Drafting contracts is also something we could probably do, as its mostly boilerplate. However the consequence for mis-drafting a contract is multi-million dollars.
Man, this comment made me think of a Kafkaesque future where two AI lawyers and an AI Judge are stuck in an infinite loop arguing over a case, meanwhile the defendant is running around trying to get anyone in the legal system to recognize that the AI is stuck.
If the human involved has no skill then they might as well not be there, since they're just a fall guy when things go wrong and won't do anything to prevent it from happening.

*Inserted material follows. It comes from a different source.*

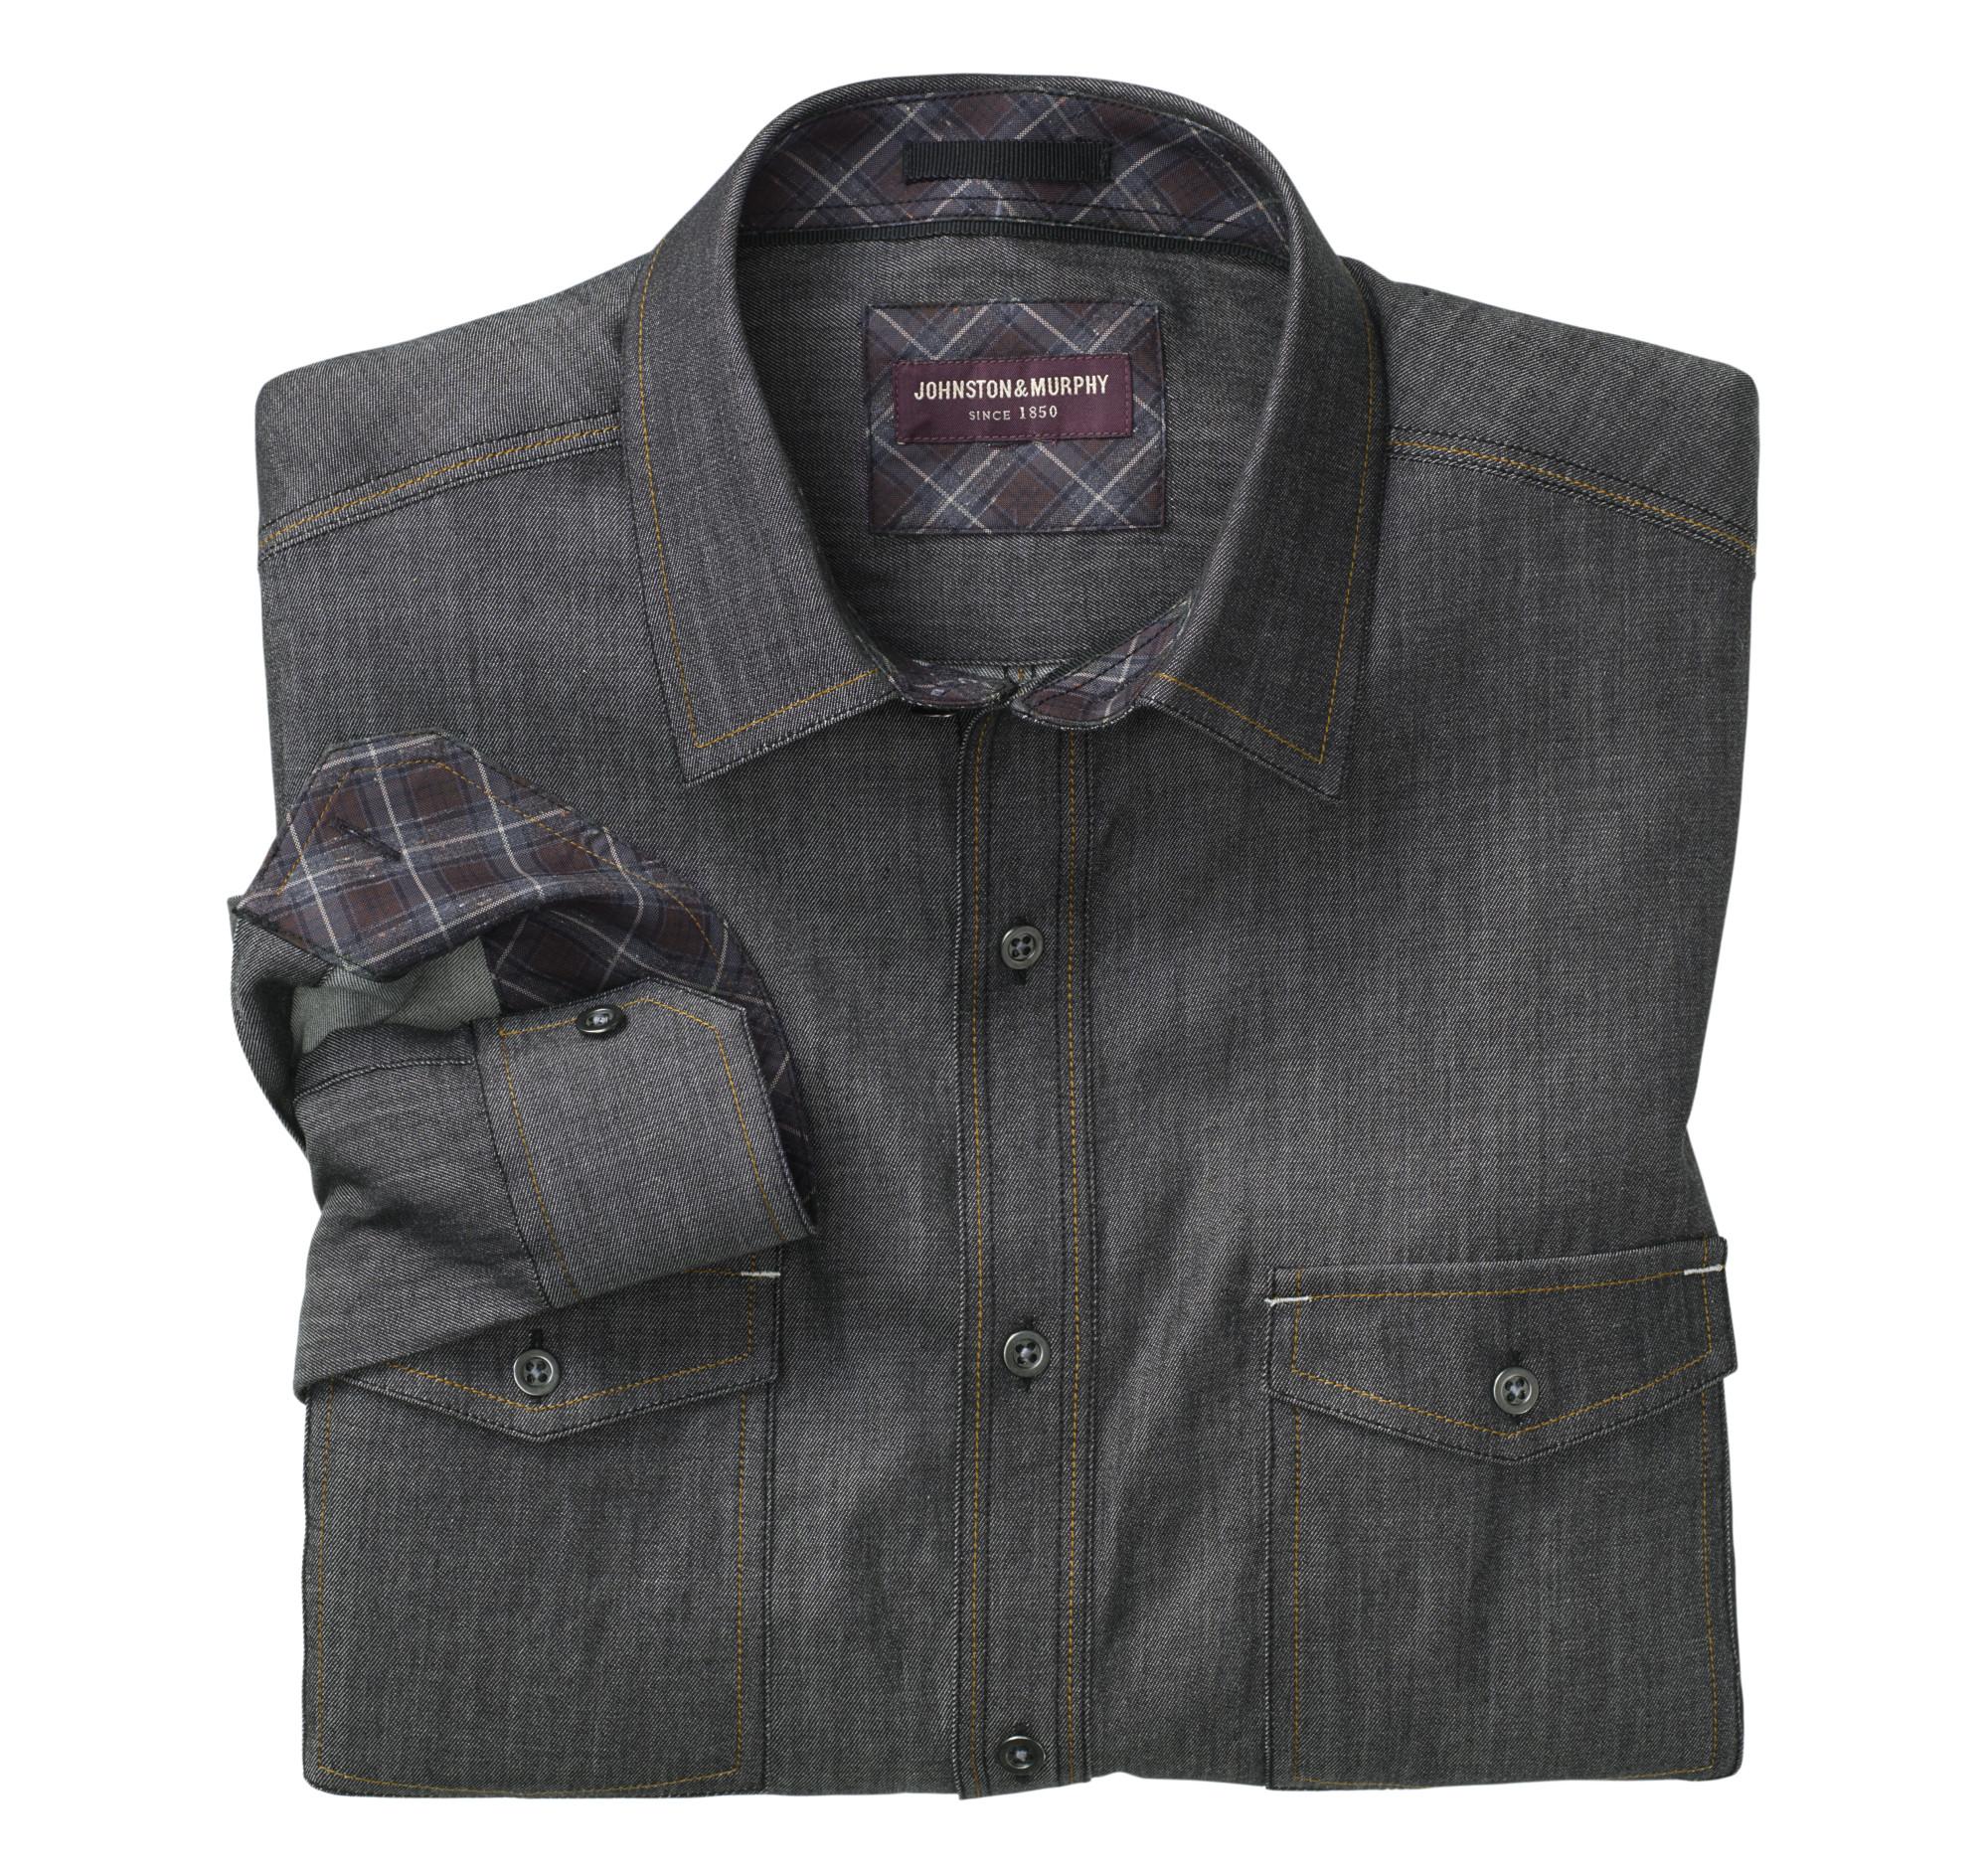 Double Pocket Denim Shirt Johnston Murphy

I said that still requires skill, just not as much.
The end game of this is just a human capable of taking the blame when AI makes an occasional mistake and being paid for that service and risk.
Yeah but even what you describe makes it an extremely useful tool and productivity boost. Sure, we're not going to deploy a lawyer agent with full autonomy and no more oversight than a real lawyer. But isn't it wild that's now the frontier?
It's not like self driving cars where better than a human 80% of the time isn't good enough and they aren't really usable until its 95%, 99% etc.